Exercise brief
Repeat the stretch of entries below from the line with "Best Convertible Travel" through the line with "59-0400, 1959 McDonnell". Include both ends and add nothing.

Data supplied
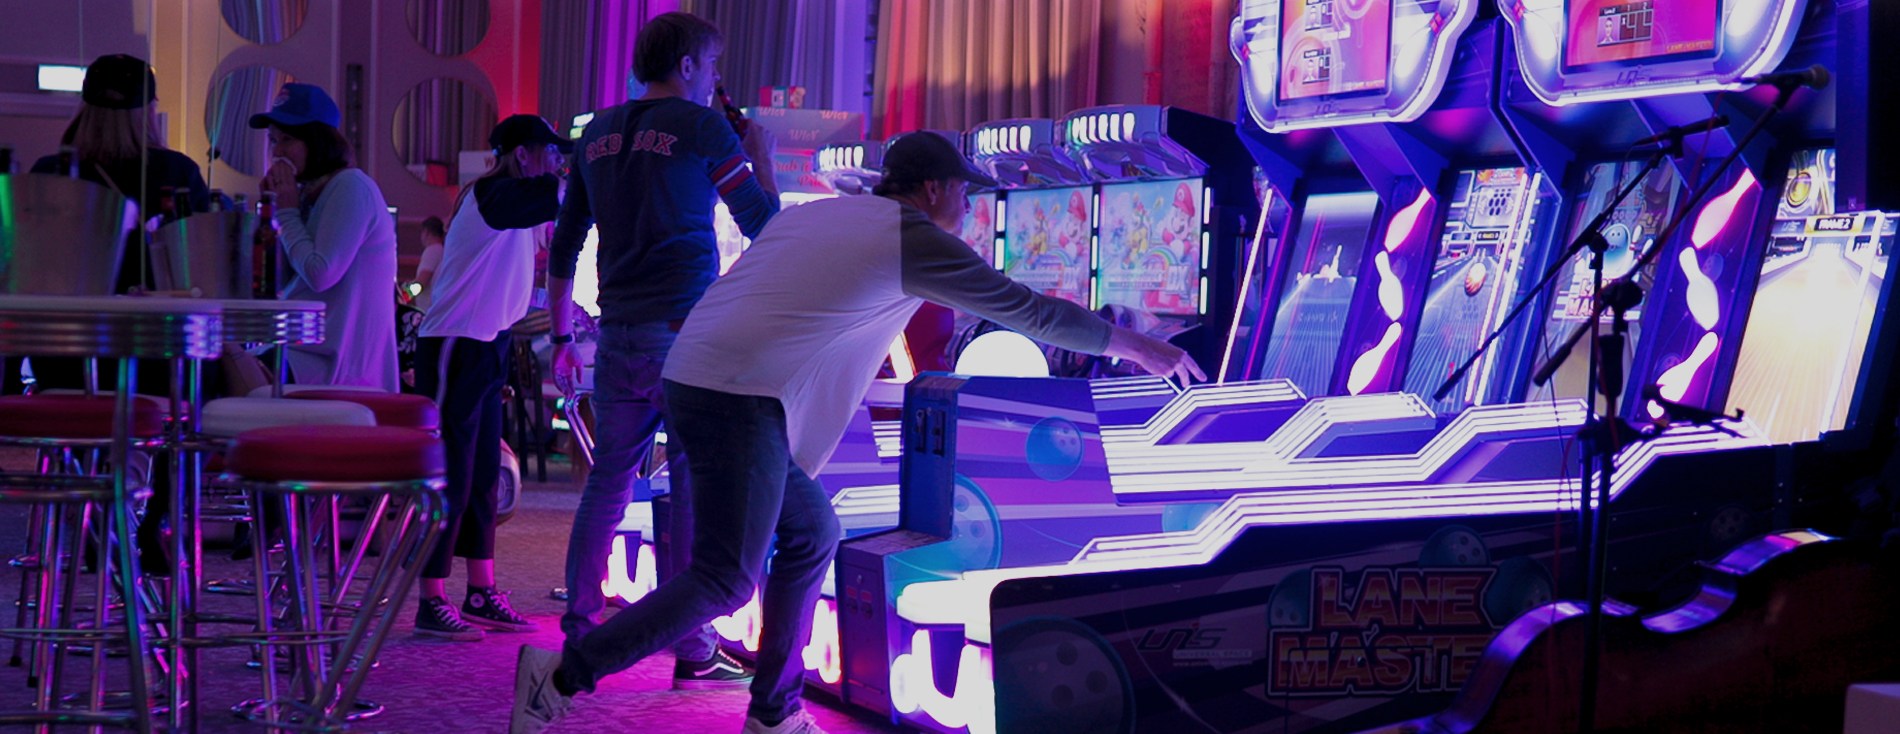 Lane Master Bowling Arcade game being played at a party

---

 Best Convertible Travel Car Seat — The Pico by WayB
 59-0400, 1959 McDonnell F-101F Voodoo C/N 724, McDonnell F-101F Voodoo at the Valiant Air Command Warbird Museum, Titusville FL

Solution to the exercise
 Best Convertible Travel Car Seat — The Pico by WayB
 59-0400, 1959 McDonnell F-101F Voodoo C/N 724, McDonnell F-101F Voodoo at the Valiant Air Command Warbird Museum, Titusville FL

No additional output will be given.